━━ Records provided ━━
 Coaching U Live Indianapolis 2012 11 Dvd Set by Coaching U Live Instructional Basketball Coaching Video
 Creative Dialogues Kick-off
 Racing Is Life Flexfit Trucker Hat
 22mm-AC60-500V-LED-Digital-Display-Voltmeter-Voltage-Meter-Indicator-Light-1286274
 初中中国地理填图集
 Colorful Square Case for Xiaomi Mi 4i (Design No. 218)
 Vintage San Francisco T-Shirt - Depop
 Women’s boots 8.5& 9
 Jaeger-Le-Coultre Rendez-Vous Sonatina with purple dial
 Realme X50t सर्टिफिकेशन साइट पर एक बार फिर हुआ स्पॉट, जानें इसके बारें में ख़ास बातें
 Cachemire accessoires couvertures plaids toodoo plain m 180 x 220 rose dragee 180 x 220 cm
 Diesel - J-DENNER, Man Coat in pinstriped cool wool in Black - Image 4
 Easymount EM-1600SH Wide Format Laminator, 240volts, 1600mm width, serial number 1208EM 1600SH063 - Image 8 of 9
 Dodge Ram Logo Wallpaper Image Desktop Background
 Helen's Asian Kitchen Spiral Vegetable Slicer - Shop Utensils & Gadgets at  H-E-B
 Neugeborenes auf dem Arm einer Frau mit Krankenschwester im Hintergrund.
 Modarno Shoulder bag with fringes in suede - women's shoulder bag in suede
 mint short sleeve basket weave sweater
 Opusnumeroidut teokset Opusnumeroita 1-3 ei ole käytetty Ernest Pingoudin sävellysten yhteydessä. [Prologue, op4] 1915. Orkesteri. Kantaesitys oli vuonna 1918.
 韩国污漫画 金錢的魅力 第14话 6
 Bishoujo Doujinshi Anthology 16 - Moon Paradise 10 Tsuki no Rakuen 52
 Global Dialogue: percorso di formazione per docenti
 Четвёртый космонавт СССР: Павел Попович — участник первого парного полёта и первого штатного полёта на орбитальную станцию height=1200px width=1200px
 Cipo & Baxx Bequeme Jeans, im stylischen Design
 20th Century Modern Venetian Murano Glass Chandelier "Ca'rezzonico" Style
━━━
## [About this task]
The only output should be the lines from the one containing "Neugeborenes auf dem" through the final line of the material above, copied exactly.

## [Solution below]
 Neugeborenes auf dem Arm einer Frau mit Krankenschwester im Hintergrund.
 Modarno Shoulder bag with fringes in suede - women's shoulder bag in suede
 mint short sleeve basket weave sweater
 Opusnumeroidut teokset Opusnumeroita 1-3 ei ole käytetty Ernest Pingoudin sävellysten yhteydessä. [Prologue, op4] 1915. Orkesteri. Kantaesitys oli vuonna 1918.
 韩国污漫画 金錢的魅力 第14话 6
 Bishoujo Doujinshi Anthology 16 - Moon Paradise 10 Tsuki no Rakuen 52
 Global Dialogue: percorso di formazione per docenti
 Четвёртый космонавт СССР: Павел Попович — участник первого парного полёта и первого штатного полёта на орбитальную станцию height=1200px width=1200px
 Cipo & Baxx Bequeme Jeans, im stylischen Design
 20th Century Modern Venetian Murano Glass Chandelier "Ca'rezzonico" Style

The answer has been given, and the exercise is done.